- **Provided information**:
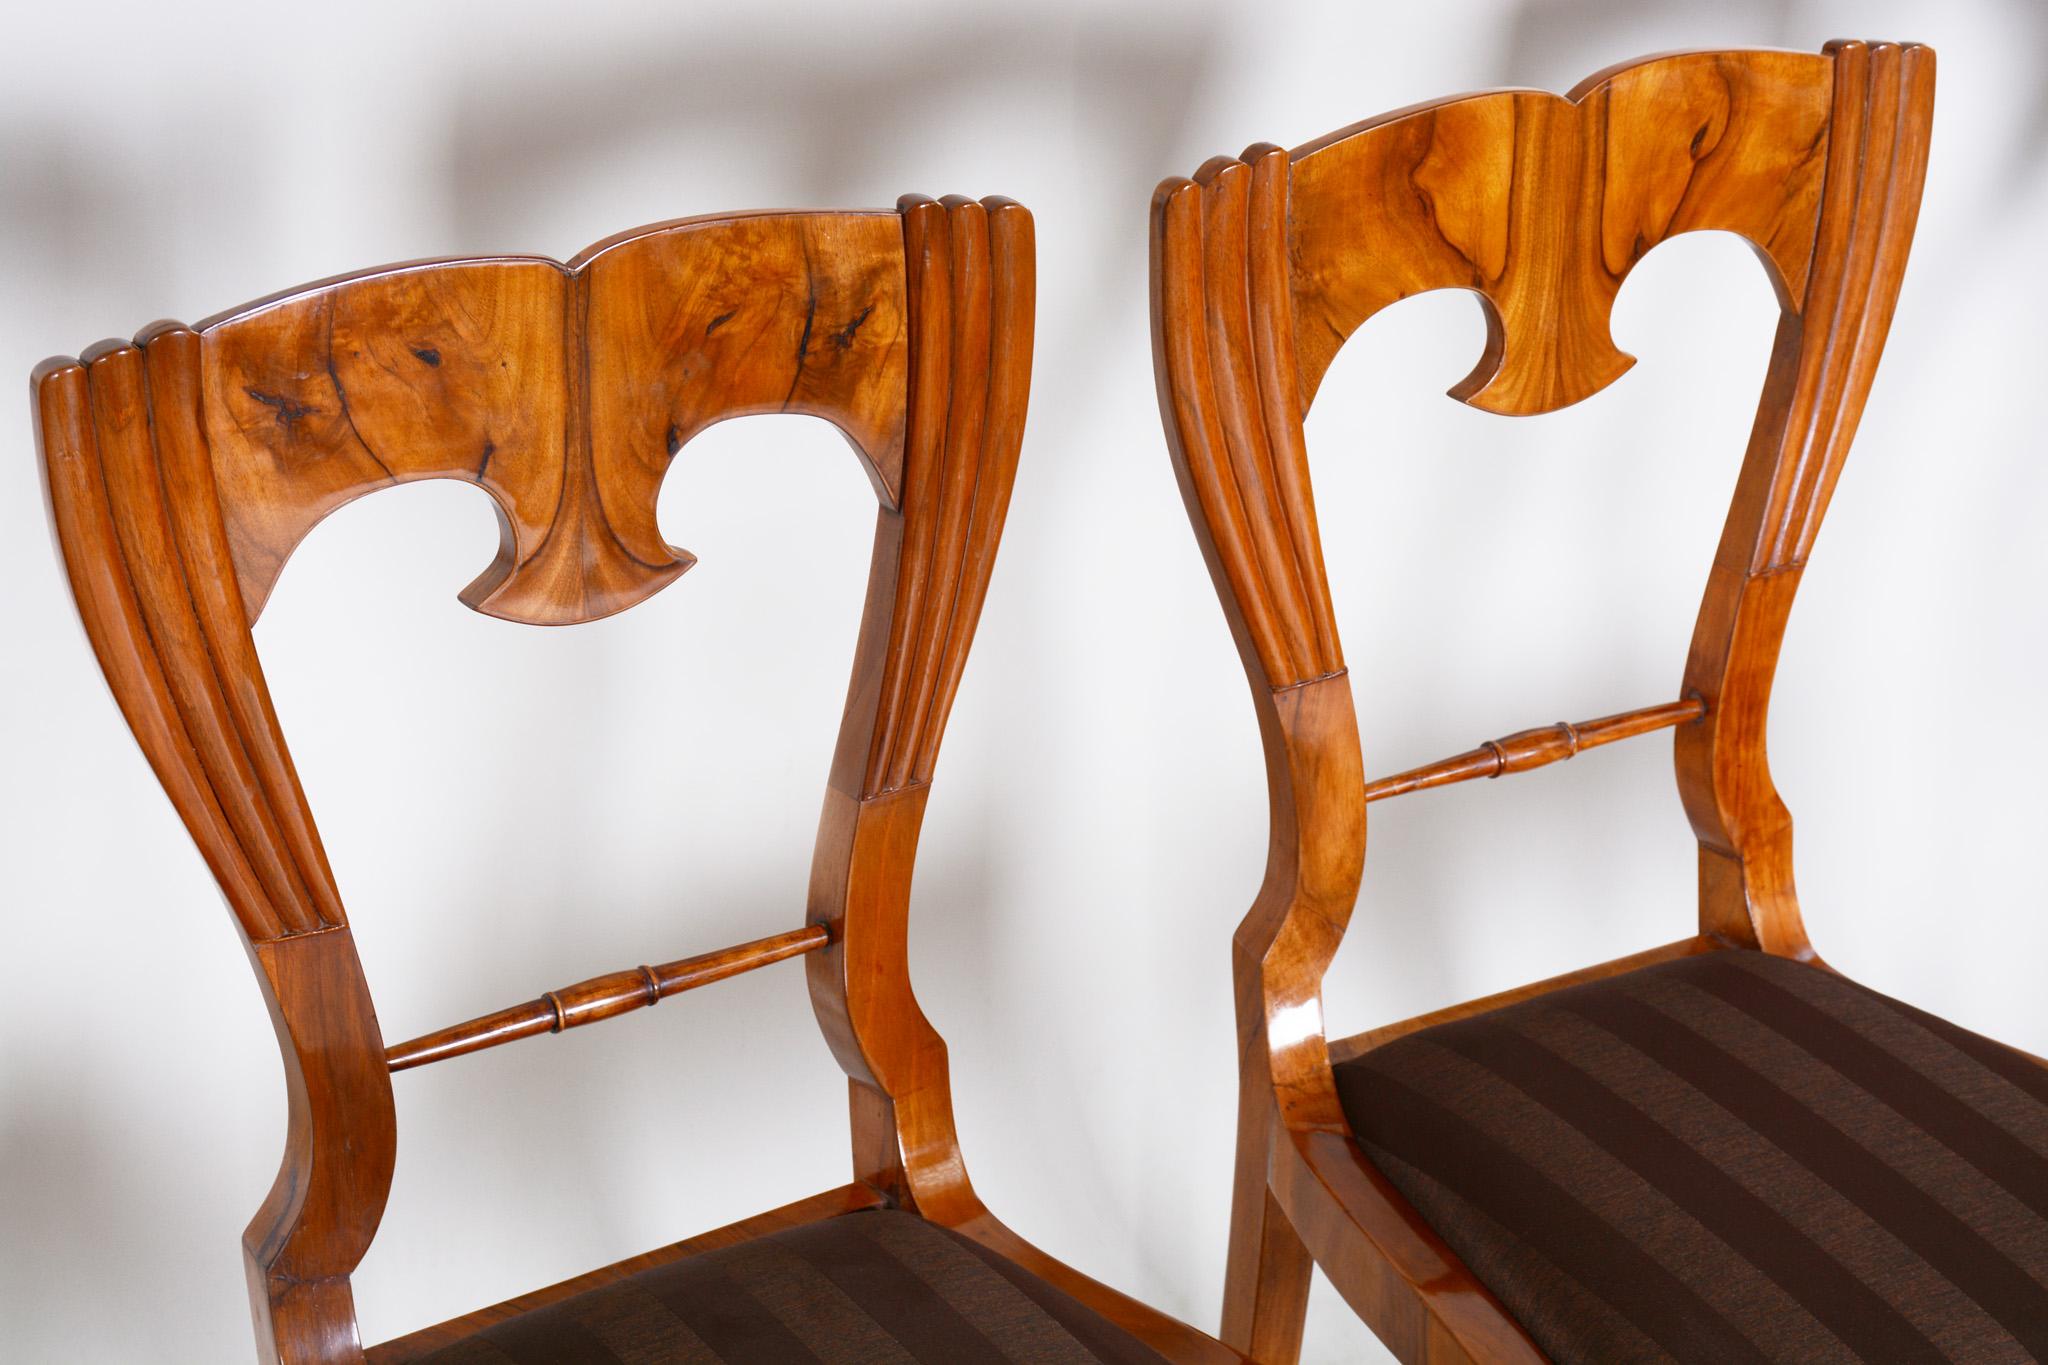 Shipping to any US port only for $290 USD

Set of Biedermeier chairs, four pieces.
Completely restored, new fabric and upholstery included.
Source: Czechia (Bohemia)
Period: 18340-1849
Shellac-polish.

We guarantee safe a the cheapest air transport
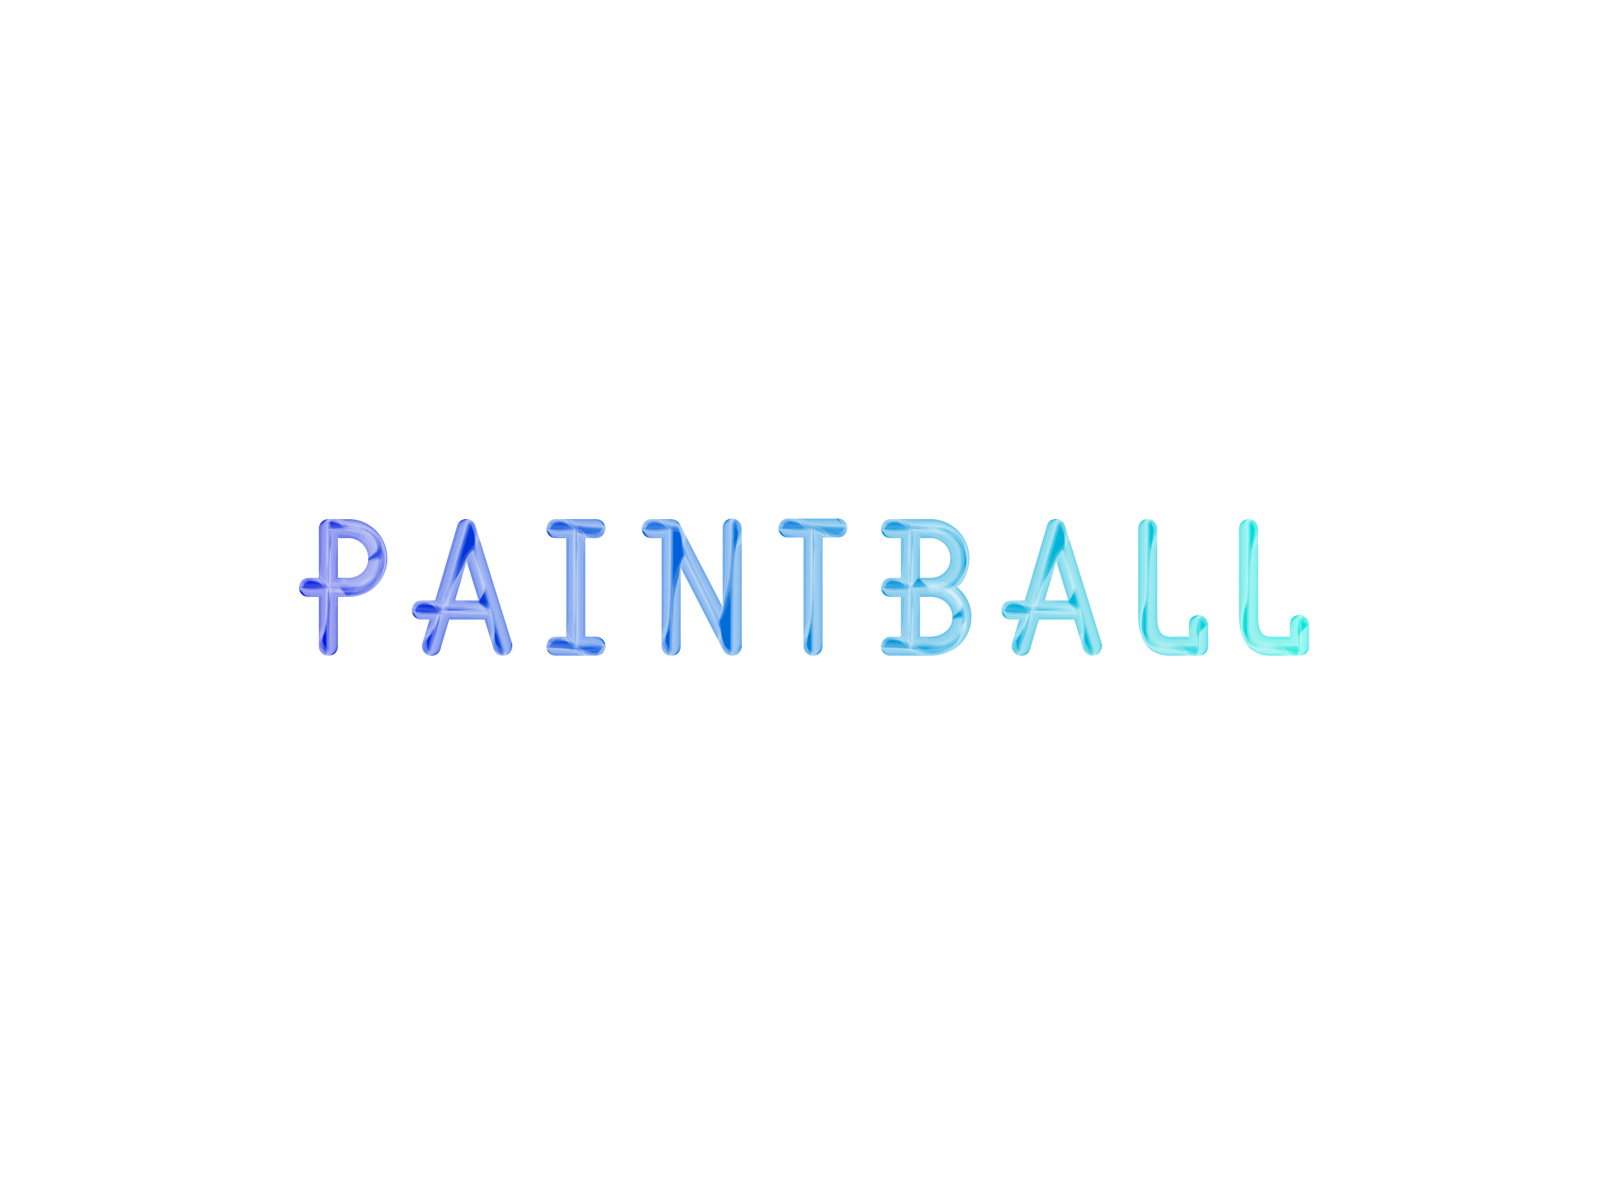 Bigpaintball Robloxgame Notfinished By Icytea On Dribbble - robloxgam

- **Work instructions**: Only the lines from the one with "We guarantee safe" through the last line of the listing belong in your answer; copy them exactly and skip the pictures.

- **Task result**:
We guarantee safe a the cheapest air transport
 Bigpaintball Robloxgame Notfinished By Icytea On Dribbble - robloxgam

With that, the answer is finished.